Certaines pratiques translingues peuvent s’interpréter comme une forme de

résistance aux injonctions linguistiques gouvernementales (une ethnie, une langue) : parce qu’elles sont issues d’initiatives locales, elles sont hétérogènes et imprédictibles. D’autres pratiques translingues résistent à l’hégémonie de l’anglais « langue étrangère » tout en la signalant comme « langue de l’éducation » : parce qu’elles sont issues d’initiatives gouvernementales, elles sont structurées. On peut supposer qu’elles sont aussi prédictibles, qu’elles participent de l’idéologie plurilingue gouvernementale. Pourtant, selon l’Unesco, les écoles des Suds peinent à alphabétiser même ceux qui sont scolarisés. Les pratiques littéraciées naissent donc aussi hors de l’école. Les mobilités favorisent des écrits translingues très hétérogènes et fort différents de la tradition scolaire. Les écarts entre pratiques littéraciées scolaires et sociales sont à problématiser (cf. chapitre 3).

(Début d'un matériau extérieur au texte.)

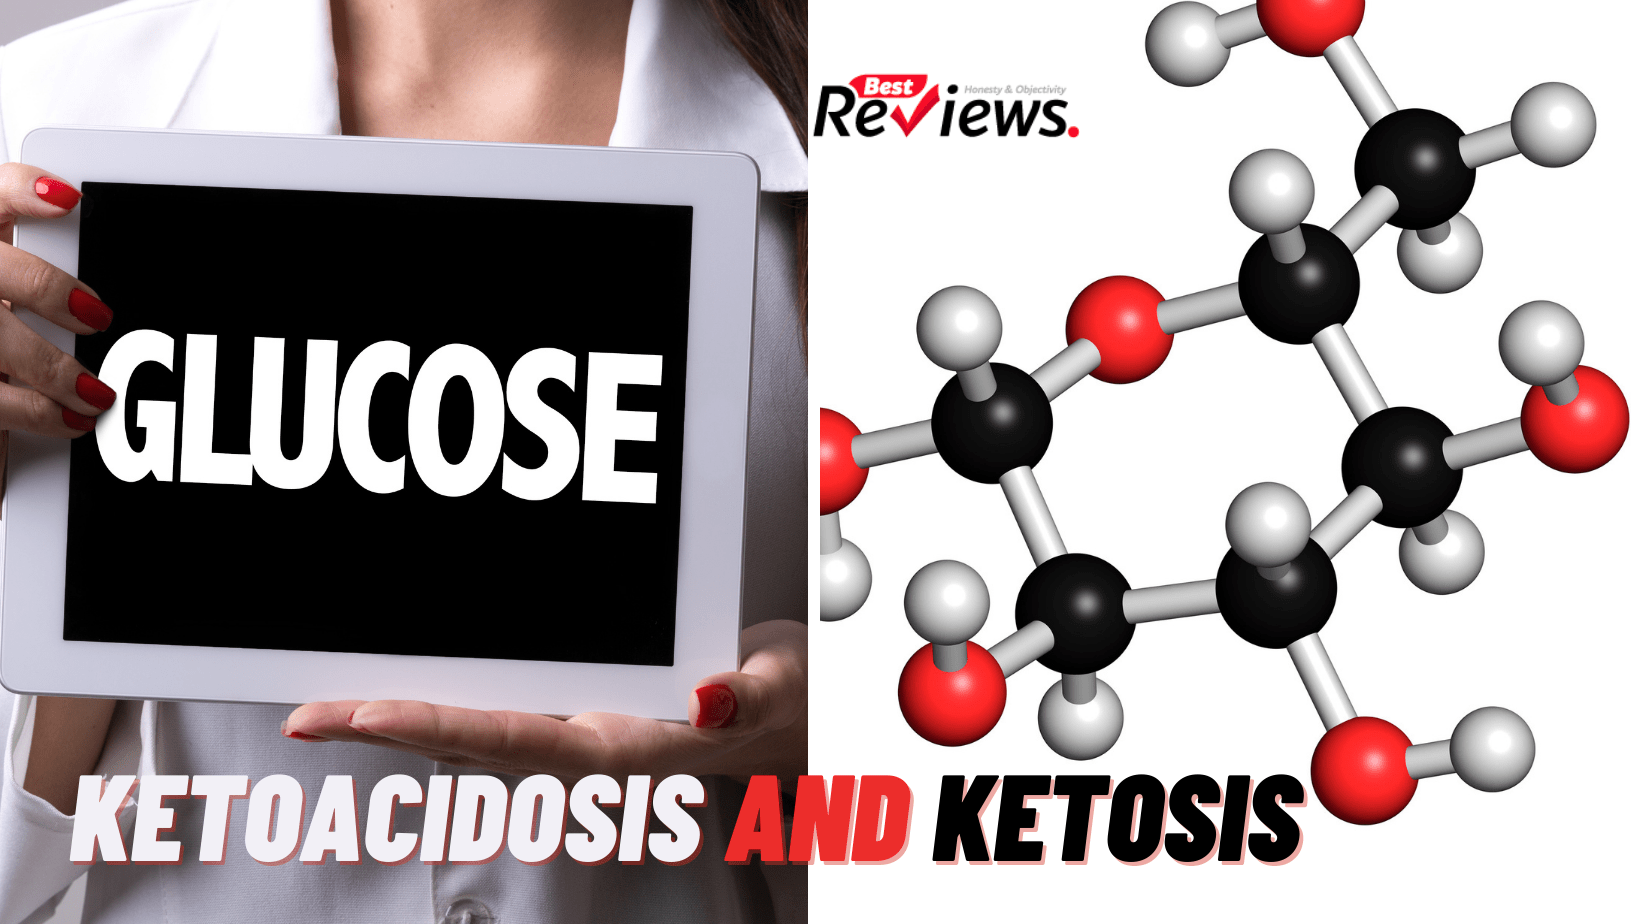 Ketoacidosis and ketosis

Les choix translingues sont aussi l’expression de tensions entre ceux qui cherchent à utiliser le langage pour créer une richesse matérielle, et les lettrés qui, eux, considèrent que les écrits commerçants sont truffés de fautes (Lanza et Hiruth

78

Wolde Mariam, 2014). D’un point de vue glottopolitique34, on peut supposer que ce n’est pas la diversité des langues mais la diversité des usagers (leurs langues, leurs références culturelles, leurs savoirs linguistiques, leur pouvoir d’achat) qui génère un type de multilinguisme plutôt qu’un autre. Or ces pratiques sont d’autant plus difficiles à appréhender qu’elles sont instables, contingentes : en 2017, dans ce quartier, l’hégémonie de l’anglais se faisait davantage sentir dans les écrits publics dédiés au commerce.

La notion de « langue », tout comme celle de « pratiques », ne recouvrent que très partiellement les catégorisations mobilisées par les acteurs, les désignations peuvent être utilisées pour renforcer un pouvoir, c’est aussi le cas des pratiques qui mobilisent ou ignorent les catégorisations des langues. La rapidité extrême avec laquelle les pratiques plurilingues évoluent révèle des flux, des dynamiques articulant les différents niveaux de pratiques, ce que les enquêtes quantitatives sont peu propices à faire surgir. Elles peuvent même faire penser qu’elles sont inexistantes.

Le parcours scientifique n’est pas linéaire : j’ai appréhendé ces questions sur le mode ethnographique de façon intuitive dans ma toute première recherche qui a porté sur les discours de cheminots éthiopiens francophones [2], puis de façon plus construite bien après avoir quitté l’Éthiopie, à travers les discours et pratiques langagières de couples mixtes franco-éthiopiens [12* ; 20 ; 24*].